Record extracts:
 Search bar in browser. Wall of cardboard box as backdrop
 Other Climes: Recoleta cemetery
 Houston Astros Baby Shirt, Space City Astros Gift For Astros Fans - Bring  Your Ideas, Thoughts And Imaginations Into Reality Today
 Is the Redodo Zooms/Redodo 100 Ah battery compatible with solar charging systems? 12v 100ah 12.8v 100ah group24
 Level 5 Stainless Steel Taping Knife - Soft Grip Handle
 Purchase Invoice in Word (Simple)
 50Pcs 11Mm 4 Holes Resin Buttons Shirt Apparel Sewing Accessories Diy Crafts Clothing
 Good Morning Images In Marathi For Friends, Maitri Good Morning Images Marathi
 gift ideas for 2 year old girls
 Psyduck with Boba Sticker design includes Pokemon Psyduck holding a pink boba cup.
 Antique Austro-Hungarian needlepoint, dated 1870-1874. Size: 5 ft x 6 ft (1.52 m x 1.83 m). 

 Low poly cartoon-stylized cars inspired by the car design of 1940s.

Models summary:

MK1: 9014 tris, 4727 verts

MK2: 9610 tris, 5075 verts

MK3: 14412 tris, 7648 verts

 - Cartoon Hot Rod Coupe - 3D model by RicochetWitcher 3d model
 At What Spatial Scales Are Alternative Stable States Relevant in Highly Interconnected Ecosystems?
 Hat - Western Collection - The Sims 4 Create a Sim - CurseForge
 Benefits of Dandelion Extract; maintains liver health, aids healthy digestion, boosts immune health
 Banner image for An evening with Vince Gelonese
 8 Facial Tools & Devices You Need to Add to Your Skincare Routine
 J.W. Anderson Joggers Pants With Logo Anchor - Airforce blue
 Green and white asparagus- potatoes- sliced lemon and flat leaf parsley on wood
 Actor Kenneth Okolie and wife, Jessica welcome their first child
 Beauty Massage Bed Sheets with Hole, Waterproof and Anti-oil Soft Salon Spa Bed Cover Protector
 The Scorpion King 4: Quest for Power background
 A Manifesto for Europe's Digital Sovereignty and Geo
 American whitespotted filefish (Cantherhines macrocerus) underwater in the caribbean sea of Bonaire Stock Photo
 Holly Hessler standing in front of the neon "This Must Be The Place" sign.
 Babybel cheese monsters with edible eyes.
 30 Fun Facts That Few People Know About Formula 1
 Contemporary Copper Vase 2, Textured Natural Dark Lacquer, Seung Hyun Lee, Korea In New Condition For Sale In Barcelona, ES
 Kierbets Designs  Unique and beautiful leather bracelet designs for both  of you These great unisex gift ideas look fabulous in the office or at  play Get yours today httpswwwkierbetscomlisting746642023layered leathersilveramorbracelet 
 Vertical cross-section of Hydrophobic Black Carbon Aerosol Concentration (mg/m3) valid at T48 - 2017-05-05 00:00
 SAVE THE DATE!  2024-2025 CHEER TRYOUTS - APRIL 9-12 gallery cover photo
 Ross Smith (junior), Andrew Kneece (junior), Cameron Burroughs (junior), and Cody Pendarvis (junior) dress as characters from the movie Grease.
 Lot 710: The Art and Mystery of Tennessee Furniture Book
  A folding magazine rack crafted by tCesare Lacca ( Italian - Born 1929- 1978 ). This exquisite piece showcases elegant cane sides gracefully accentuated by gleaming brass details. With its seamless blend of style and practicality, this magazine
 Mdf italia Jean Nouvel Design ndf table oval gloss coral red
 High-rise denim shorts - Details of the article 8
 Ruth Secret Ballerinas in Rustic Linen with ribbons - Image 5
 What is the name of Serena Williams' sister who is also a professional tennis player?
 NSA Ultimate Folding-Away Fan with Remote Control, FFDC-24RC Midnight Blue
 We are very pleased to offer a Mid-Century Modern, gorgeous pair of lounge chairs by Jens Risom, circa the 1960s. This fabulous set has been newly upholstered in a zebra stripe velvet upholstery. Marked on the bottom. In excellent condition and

Work item: Search the entries for the string "Soft". Copy every line that has it.

Response area:
 Level 5 Stainless Steel Taping Knife - Soft Grip Handle
 Beauty Massage Bed Sheets with Hole, Waterproof and Anti-oil Soft Salon Spa Bed Cover Protector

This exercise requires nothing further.